Exercise requirements:
No pictures belong in the copy. Restate the rest of the data exactly.

Raw data:

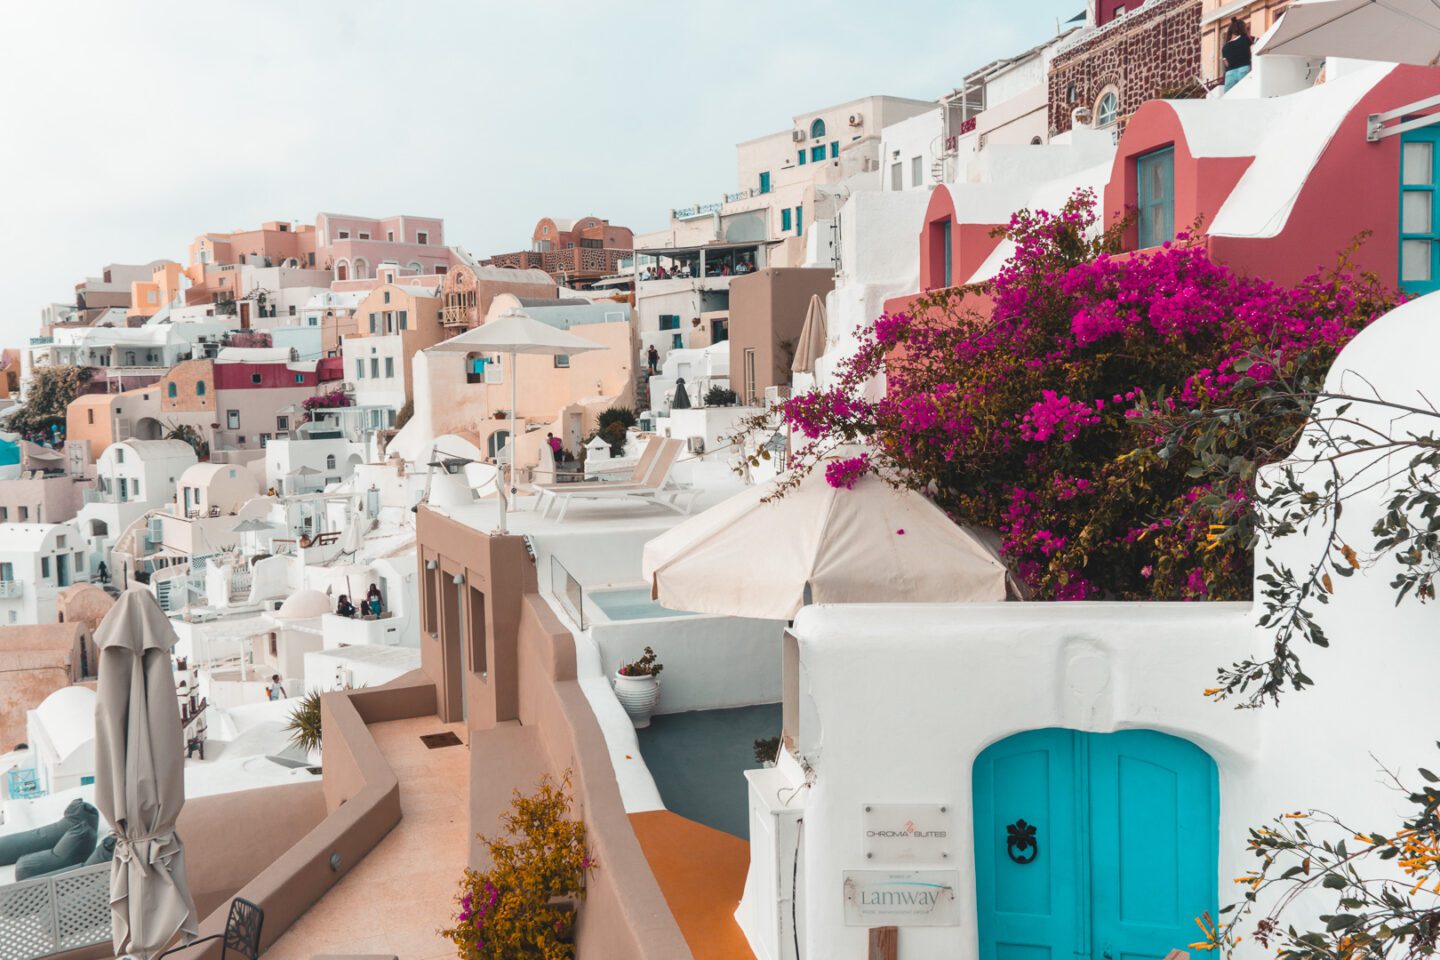 Santorini is a must-see during your 10 Days in Greece Itinerary. Here you will see white washed buildings, blue doors, and flowering bougainvillea.
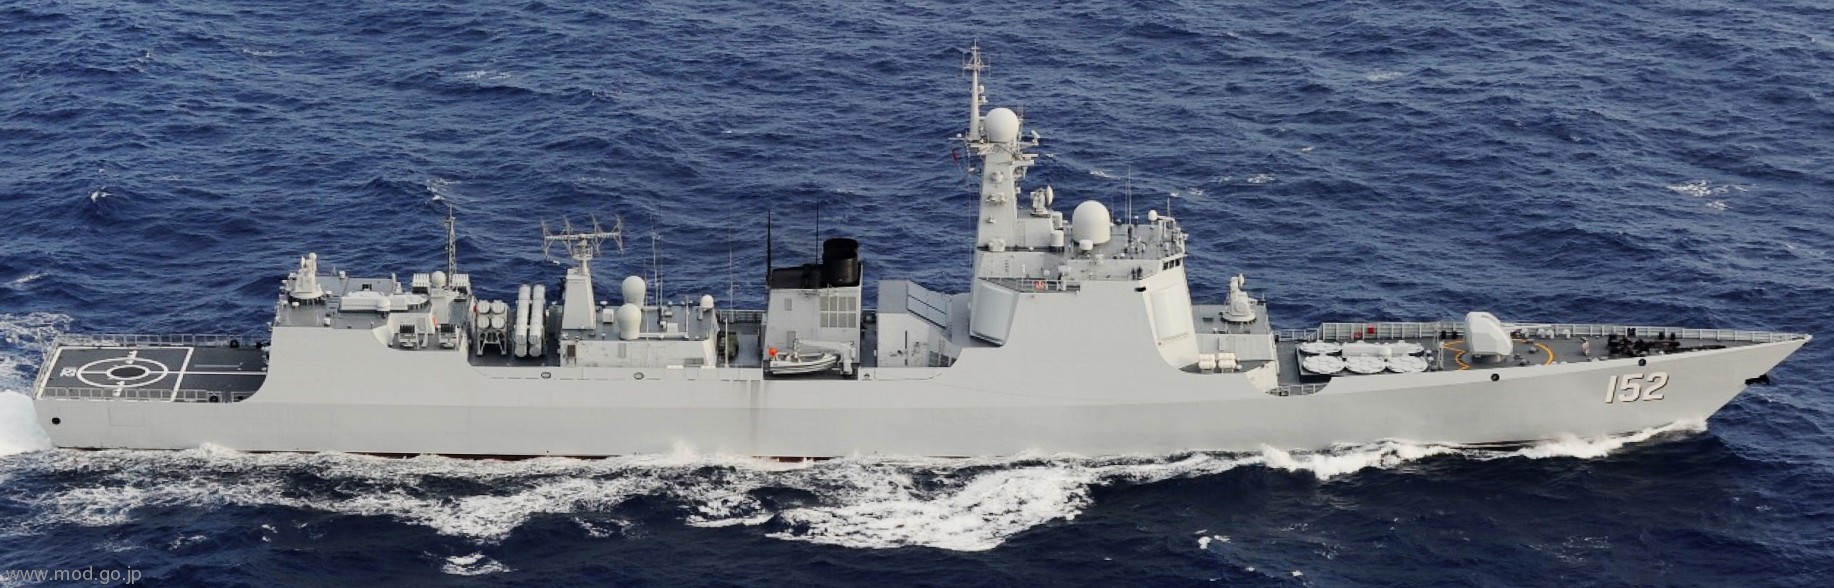 ddg-152 plans jinan type 052c class guided missile destroyer china people's liberation army navy 02
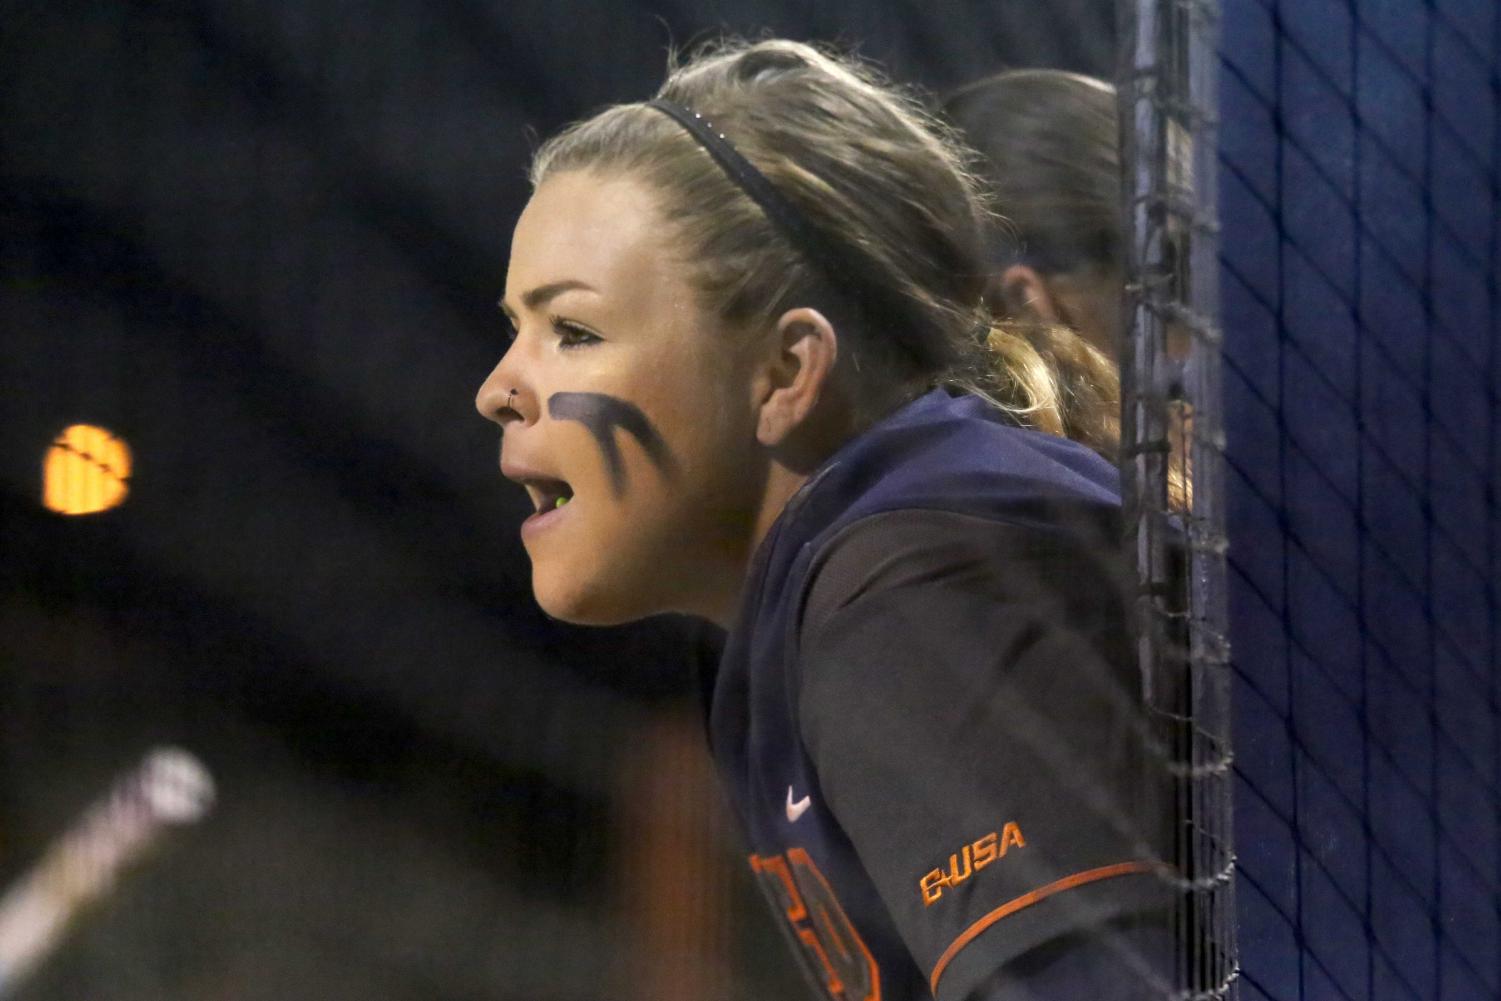 Softball+grabs+two+wins+in+day+one+of+UTEP+Tournament
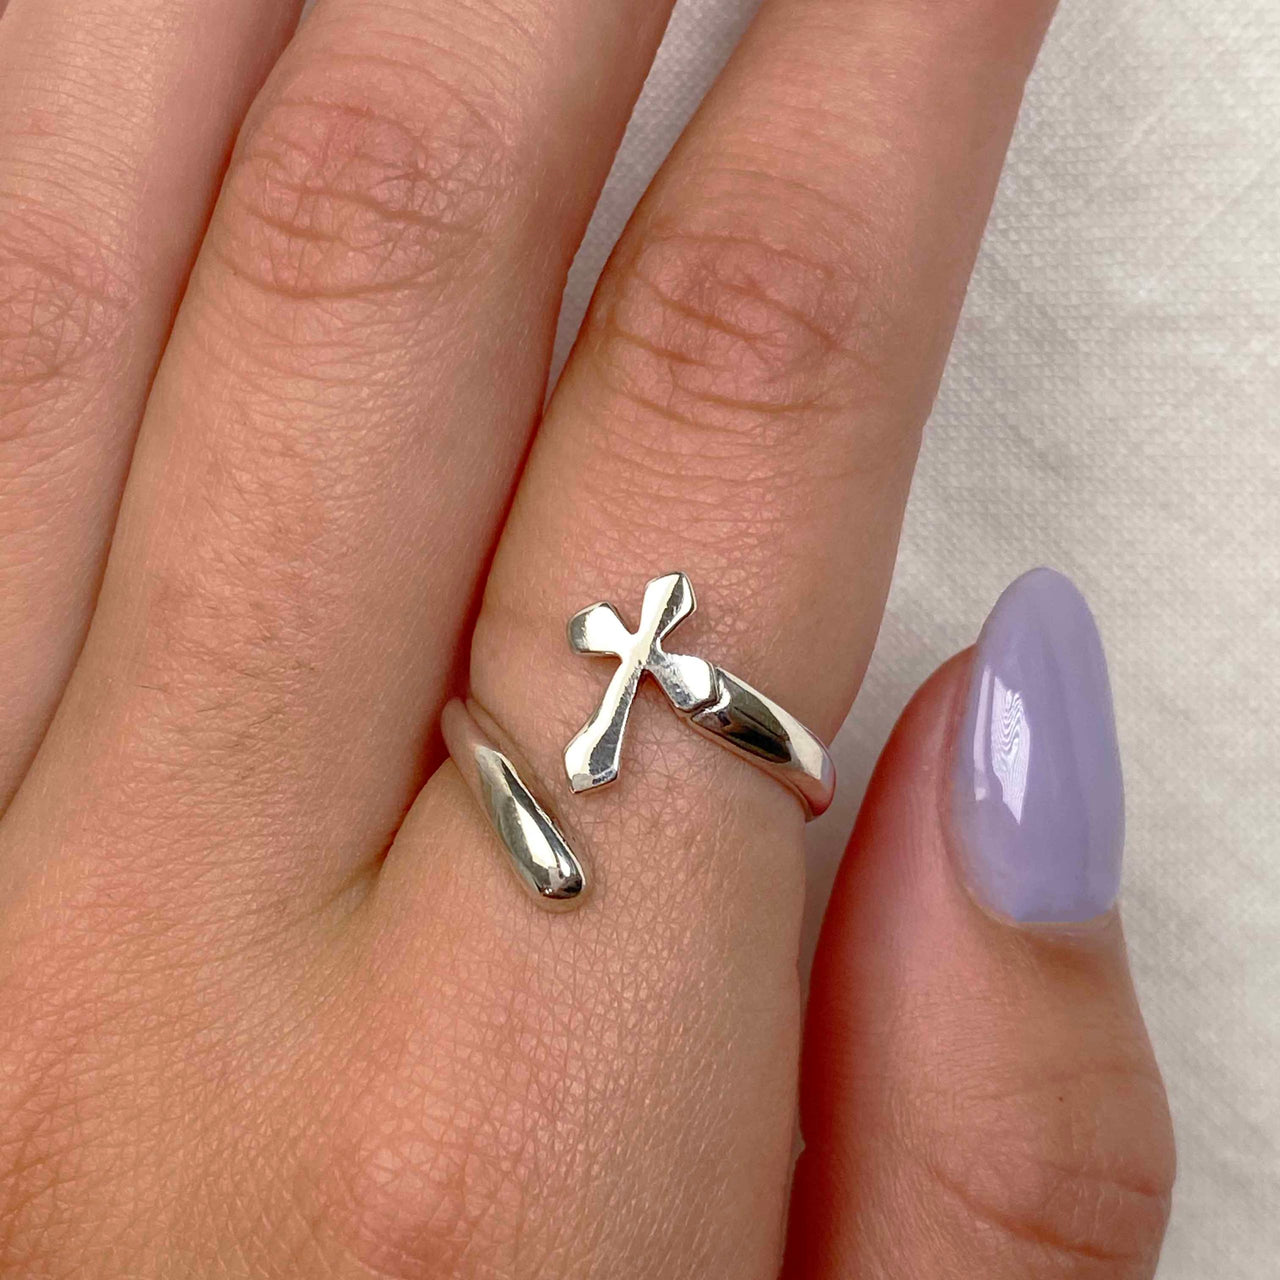 Calvary Cross Ring Sterling Silver Jewelry

Your solution:
 Santorini is a must-see during your 10 Days in Greece Itinerary. Here you will see white washed buildings, blue doors, and flowering bougainvillea.
 ddg-152 plans jinan type 052c class guided missile destroyer china people's liberation army navy 02
 Softball+grabs+two+wins+in+day+one+of+UTEP+Tournament
 Calvary Cross Ring Sterling Silver Jewelry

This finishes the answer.